At Raffles American School, we are committed to ensuring that each student thrives as a learner. It is part of our Mission statement; it is part of all our professional learning conversations; it is part of every interaction and learning experience each day. 

Throughout this year, teachers have focused on Writing as one of our Professional Learning Communities when we meet together on Friday afternoon. In Elementary, this has seen us develop ‘menus’ of writing skills that we use with children to ‘level up’ their writing. We have collaborated together to moderate writing tasks, share best practices and talk about the different strategies we can use to support individual learners. Starting with our smallest learners who are beginning to understand that marks have a meaning to our older learners who are learning to write polished pieces for different purposes and make sure their writing has pizzaz!

“…every child deserves to start where he or she is as a writer and to be challenged to go farther.” –Lucy Calkins

We recognize that all children as writers are unique and have different needs, and consequently, they need their learning experiences to be personalized. Each child has an area of writing they do well at and an area they need to work on to become a better writer. Our job is to meet them where they are currently and build upon their skills and confidence. 

All children are supported by their teachers, who know what they can do and what goals they need to work on next. Conferencing with each child is an essential part of the writing process, giving them direct, personalized feedback. “Wow, I can see you have tried to use ambitious vocabulary here. Next time, we need to work on using a range of sentence openers to grab the attention of the reader.” Teachers work together to plan a myriad of learning experiences in all areas of writing, from spelling and word work to summative research projects, to ensure children are excited about learning and can access, engage, and express their understanding.
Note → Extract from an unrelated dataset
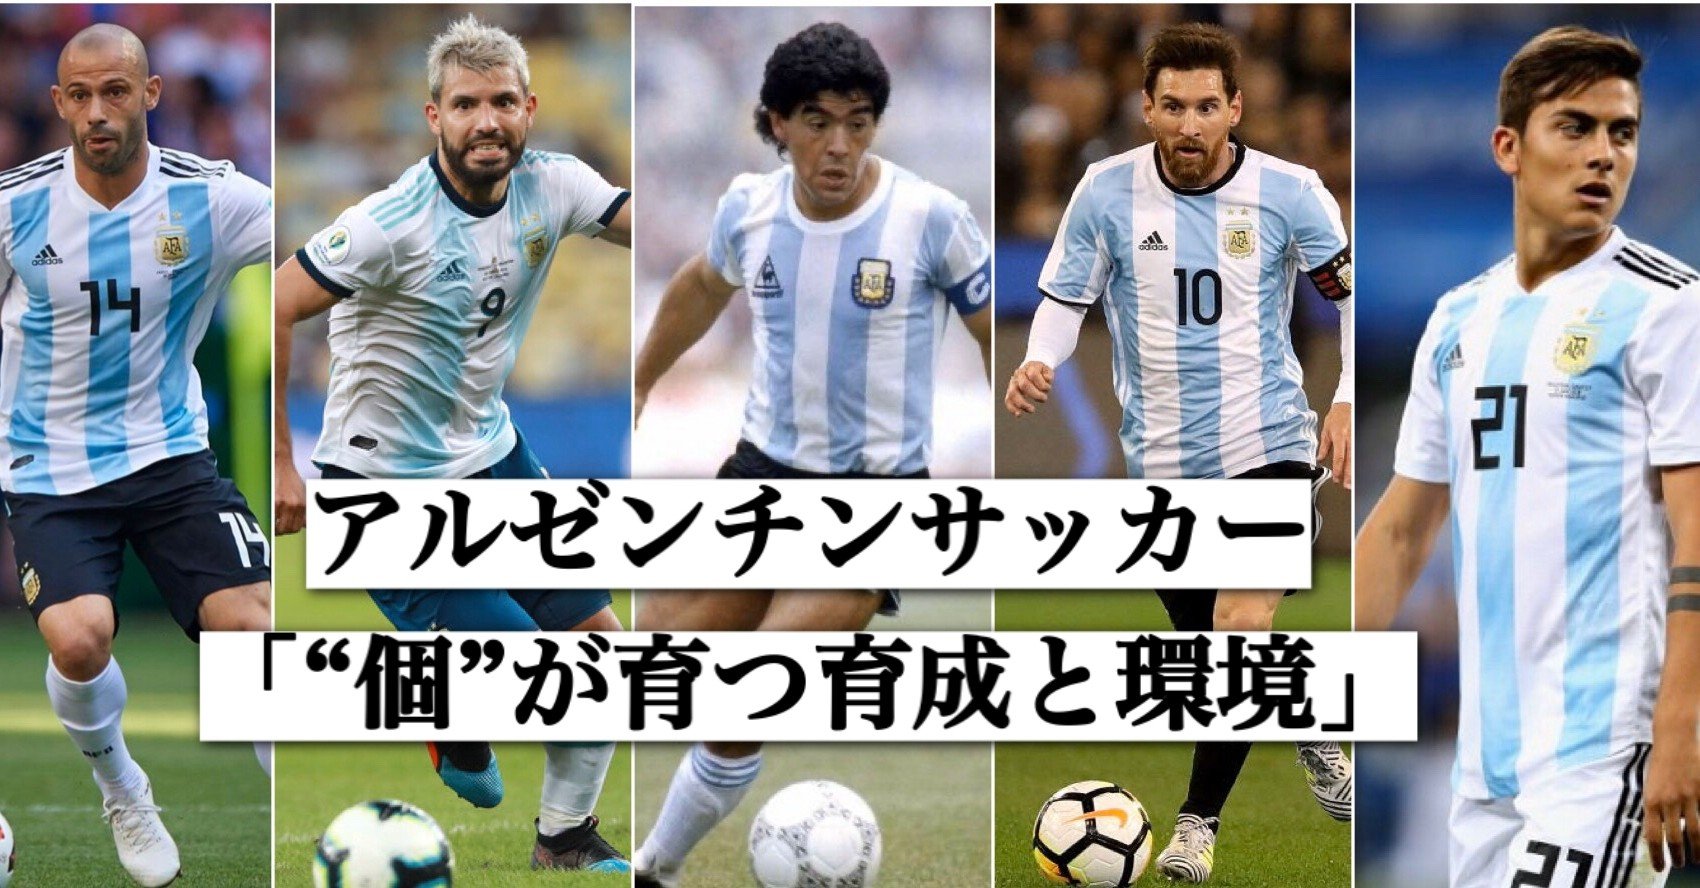 アルゼンチンサッカーの育成 個を育てる 伊達 和輝 Kazuki Date Note

We use the data from writing assessment tasks and observations from students writing each day to tailor differentiated learning experiences, so children are challenged to keep learning and growing in their abilities and confidence. 

‘Every student can learn, just not on the same day, or the same way.’ –George Evans

Small group work is utilized to scaffold learning to ensure each child gets personalized attention and feedback as they write. Students are challenged with questions and tasks which are engaging using a range of resources from around the world.  Specialist teachers and teaching assistants work with homeroom teachers in making sure that each child is focused on and challenged to continually develop their writing skills. Goal setting promotes independence, empowering them to be responsible and confident in their abilities. Not all writing is a polished finished piece. Sometimes we are working at the word level, focusing on phonics, spelling, and our understanding of how words are structured. Sometimes we work through the writing process, plan and draft our ideas, and then edit our work to improve it. Sometimes we are following a specific text type, and sometimes we are writing for the sheer enjoyment of being creative and sharing stories from our imagination.

How do you share with your children that you are a writer? Do they see you writing shopping lists and birthday cards? Do they see you writing in a journal each day? Do they see you writing work documents and editing and revising your writing? Working in partnership with parents is also a vital element of this process. Teachers share ‘curriculum flyers’ with parents throughout the term. The curriculum flyers provide parents with the text type (or genre) of writing that the children will be working on in their next unit so parents can ask questions and discuss with their children what interests them and what they are learning about at school. Key vocabulary and questions are included, so parents are able to discuss these important concepts with their children in their Mother Tongue.  

Communication between parents and their child’s teacher is essential, and we believe that successful learning at Raffles American School is more than just repetitious memorization and report cards. It is a partnership between students, parents, and teachers that provides our students with the highest quality of learning to advance them into high school and beyond.